→ ACTIVITY
Where the listing shows an image, skip it and output all other material unchanged.

→ SUPPLIED INFORMATION
***

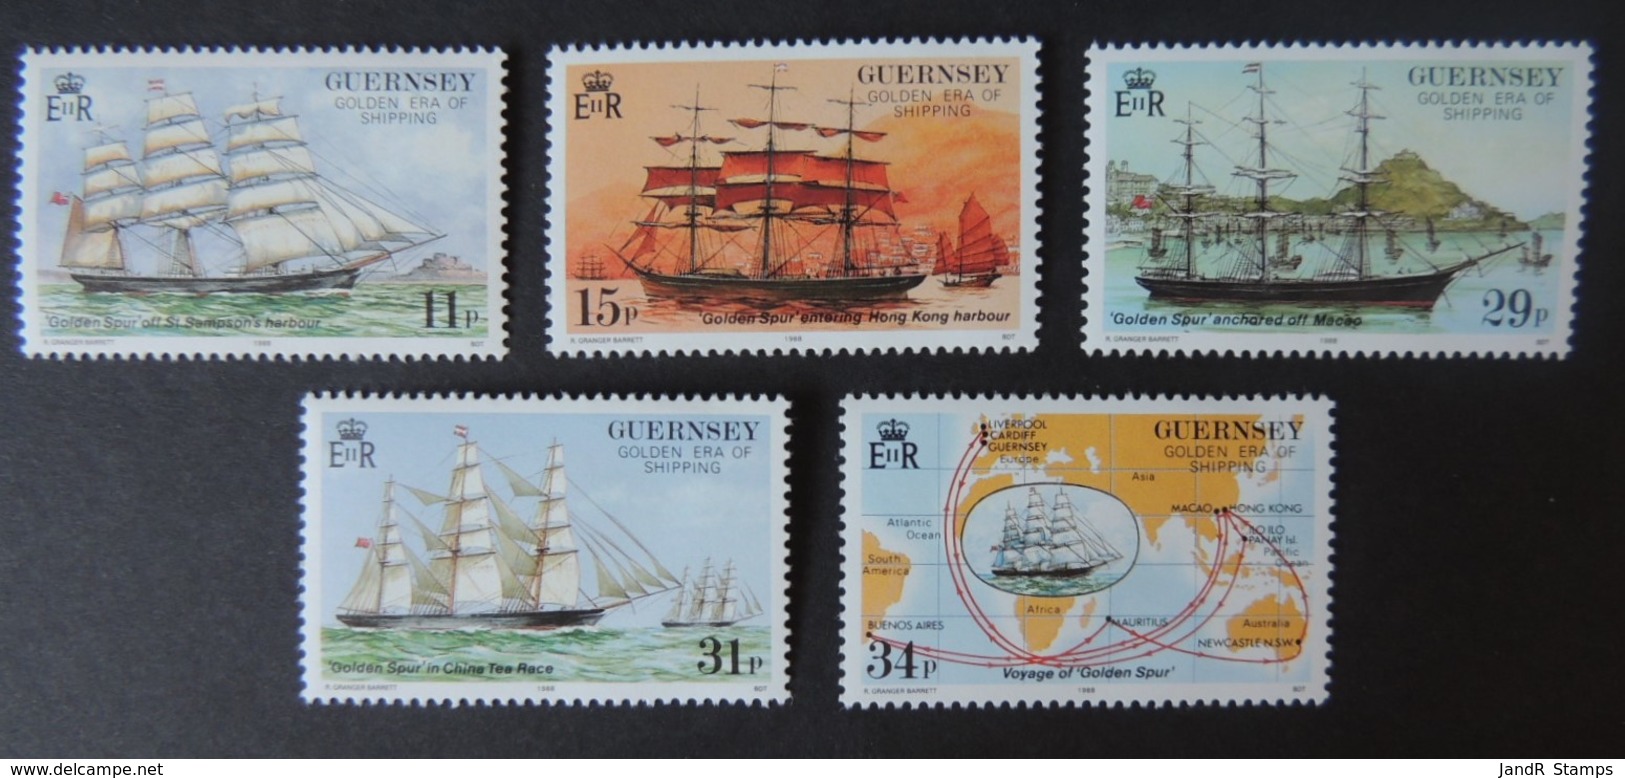 GUERNSEY 1987 SHIPPING SG415-419 MNH SET 5 VALUES GOLDEN SPUR SAILING SHIPS - Guernsey
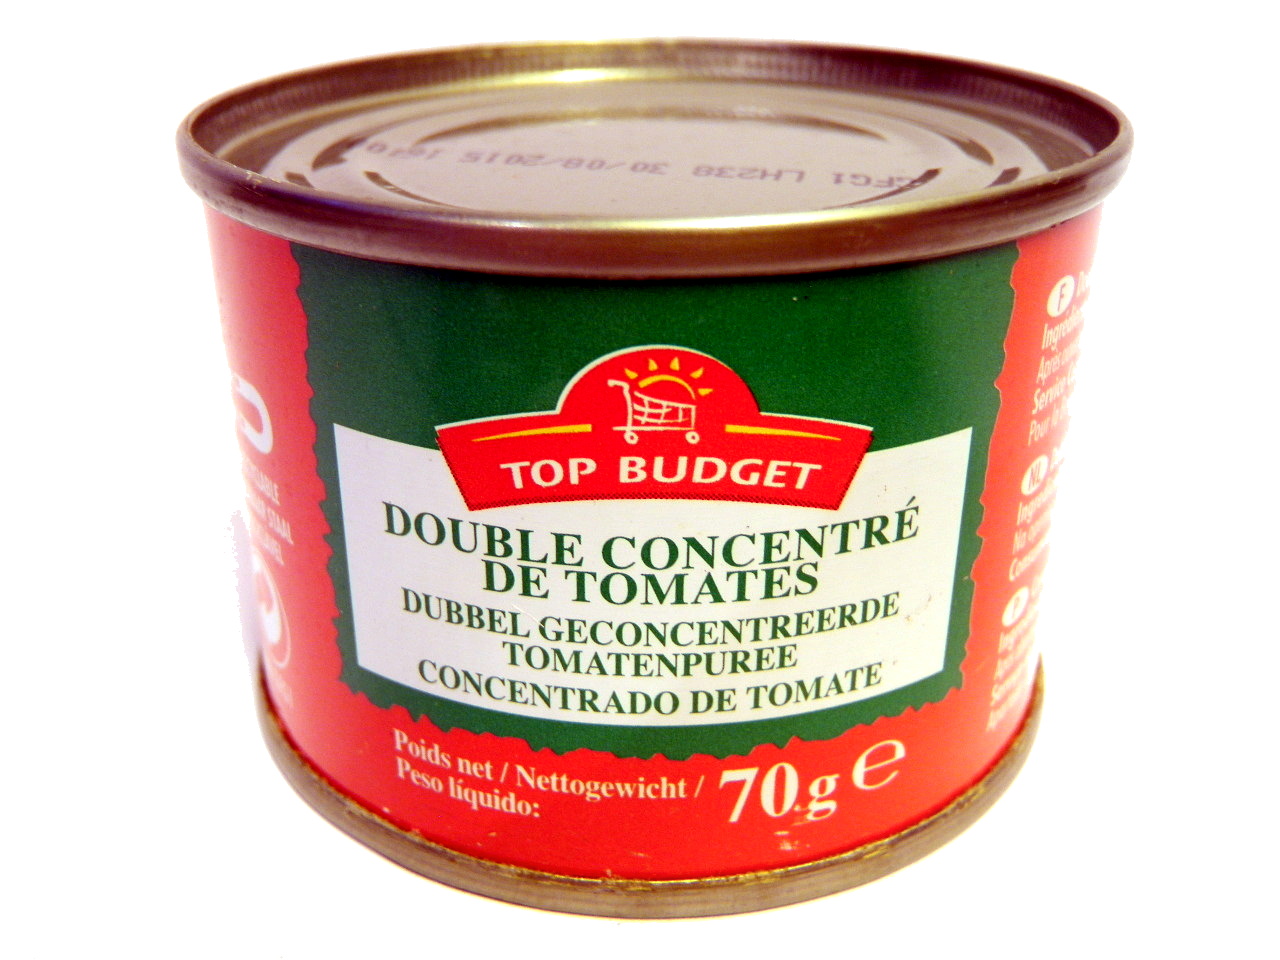 Double concentré de tomates (28%) - Producto - fr
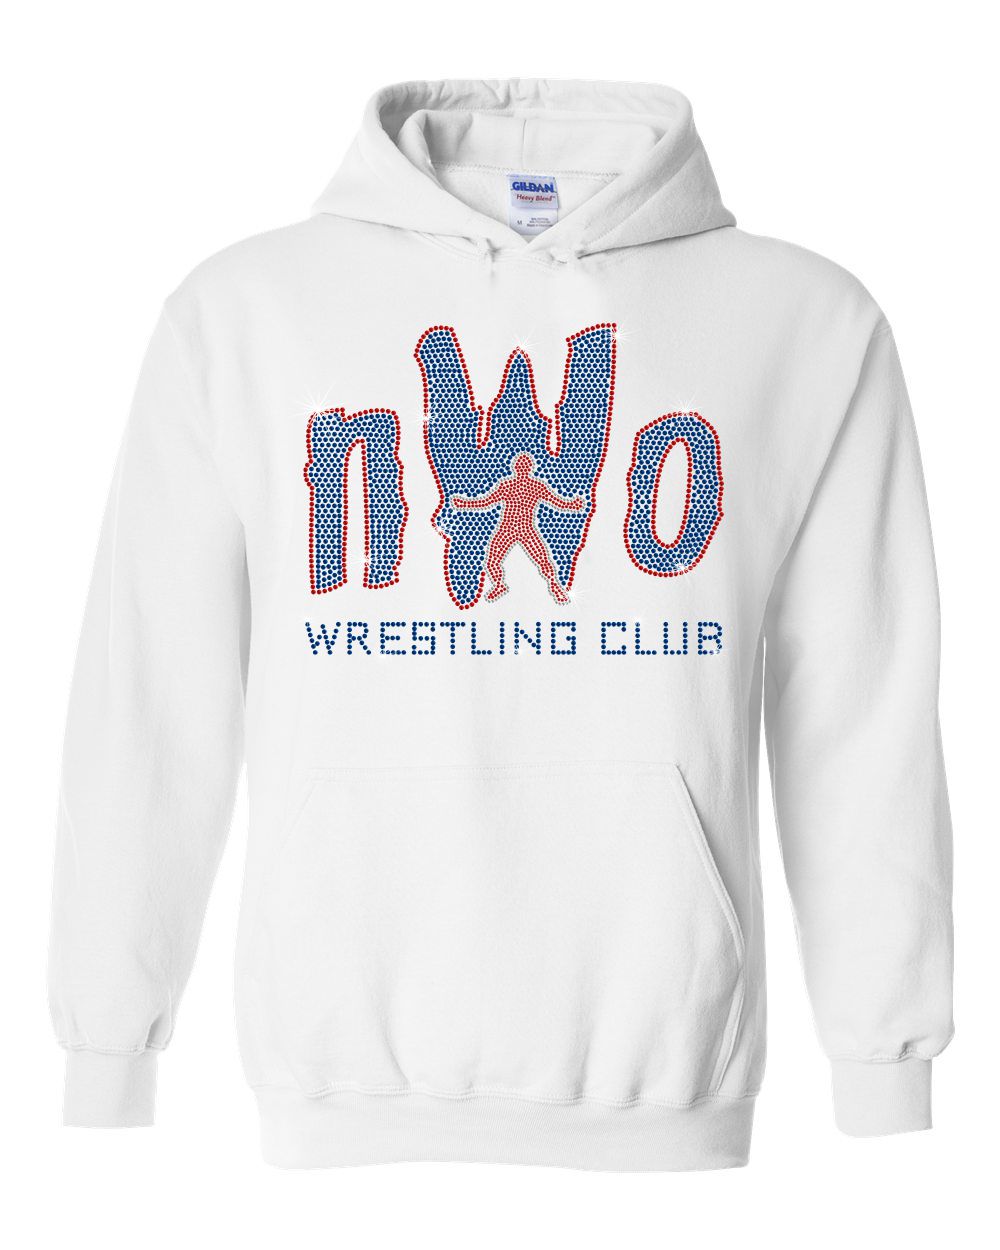 NWO White Unisex Hooded Sweatshirt With Royal Blue NWO Logo

***

→ FINISHED EXERCISE
 GUERNSEY 1987 SHIPPING SG415-419 MNH SET 5 VALUES GOLDEN SPUR SAILING SHIPS - Guernsey
 Double concentré de tomates (28%) - Producto - fr
 NWO White Unisex Hooded Sweatshirt With Royal Blue NWO Logo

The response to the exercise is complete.